- Author(s): Daniel Lieske
- Website: wormworldsaga.com
- Launch date: 24 December 2010
- Genre(s): Fantasy

= The Wormworld Saga =

2010 fantasy webcomic

The Wormworld Saga is a webcomic and graphic novel series by German graphics artist Daniel Lieske. Styled after 1980s fantasy films and Studio Ghibli films, the first chapter of the webcomic was published on Christmas Eve 2010. The Wormworld Saga presents the story of Jonas, a child who makes his way through a magical portal and finds himself lost in a fantasy world. Lieske is supported largely through Kickstarter, and The Wormworld Saga has been translated and published in various countries.

==Synopsis==
The Worldworld Saga features the story of Jonas, a child who escapes into his vivid daydreams while reeling from the loss of his mother. After making his way through a magical portal inside his grandmother's strange painting, Jonas finds himself lost in a fantasy world, unable to return. Here, the child finds a giant dragon trapped inside of a mountain, and a mysterious Firelord who rises from the fires of Worm Mountain.

==Development==
Unlike most webcomics, Lieske releases The Wormworld Saga in large one-chapter chunks, finishing one to four chapters per year. Each chapter of The Wormworld Saga is presented as a continuous scroll, inspired by Scott McCloud's infinite canvas. The first chapter of Lieske's webcomic went live during Christmas 2010, and reached over a quarter-million views and translations into various languages within a month after launch. The Wormworld Saga is styled after 1980s fantasy films such as The Neverending Story and The Goonies, and is also strongly influenced by Studio Ghibli films like Princess Mononoke and Spirited Away. Lieske originally planned for the entire saga to be between 45 and 60 chapters.

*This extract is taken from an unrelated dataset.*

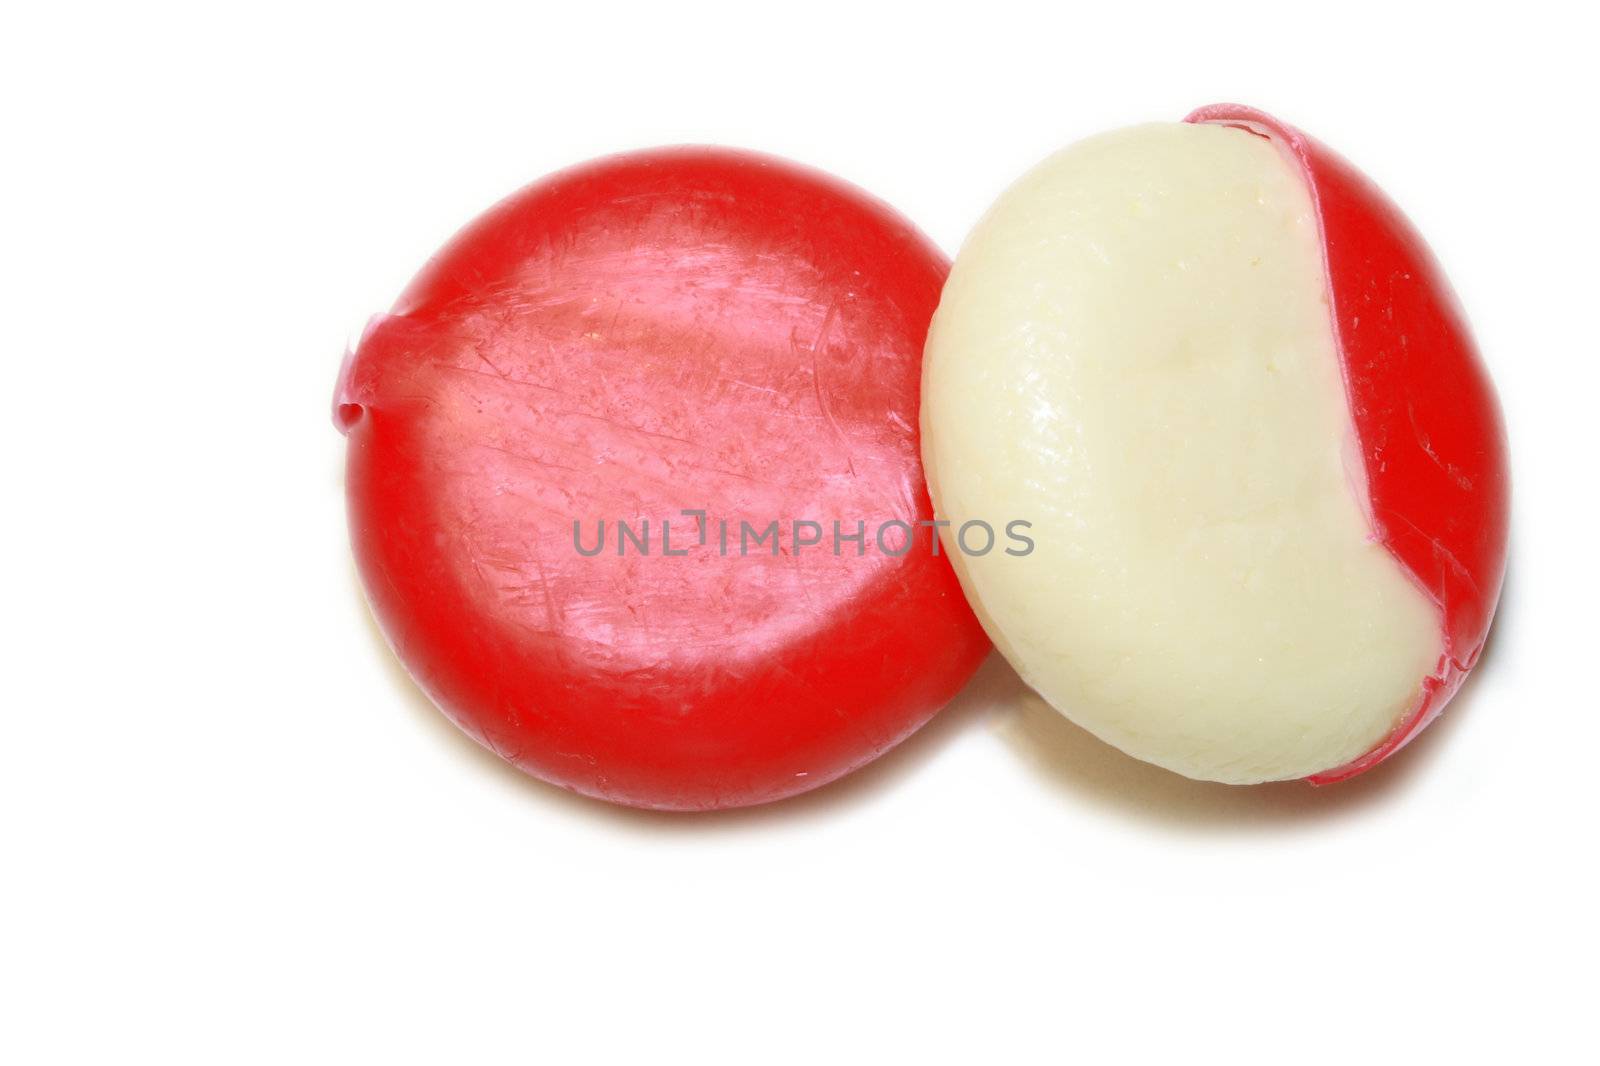 mini edam cheeses covered in red wax coating over a white background

In March 2011, Lieske launched a Kickstarter crowdfunding campaign to raise money for an iOS and Android app to showcases the artwork of the webcomic. Lieske posted chapters 3, 4, and 5 of The Wormworld Saga in 2012 and 2013 before being forced to put the project on hiatus and switch to freelance work. The revenue stream of the webcomic did not yield enough for Lieske to continue working on it until a French publisher picked up his book. Lieske released chapter 6 of The Wormworld Saga in August, 2014, and at this point the mobile app proved insufficient for Lieske's needs. Taking the app down, Lieske launched a Kickstarter campaign to fund the production of a first volume of The Wormworld Saga in print, containing chapters 1–3. This campaign reached more than triple its goal after 1071 backers pledged $44,089. This first volume contains chapters 1–3. A Kickstarter campaign for The Wormworld Saga Book Edition Volume 2 was launched on April 12, 2015. The campaign reached its goal of $18,000 on April 15, 2015. On May 12, 2015 the campaign ended successfully, after 940 backers pledged $46,049. This volume contains chapters 4–5.

In May 2018, Lion Forge Comics began publishing The Wormworld Saga in print in the United States.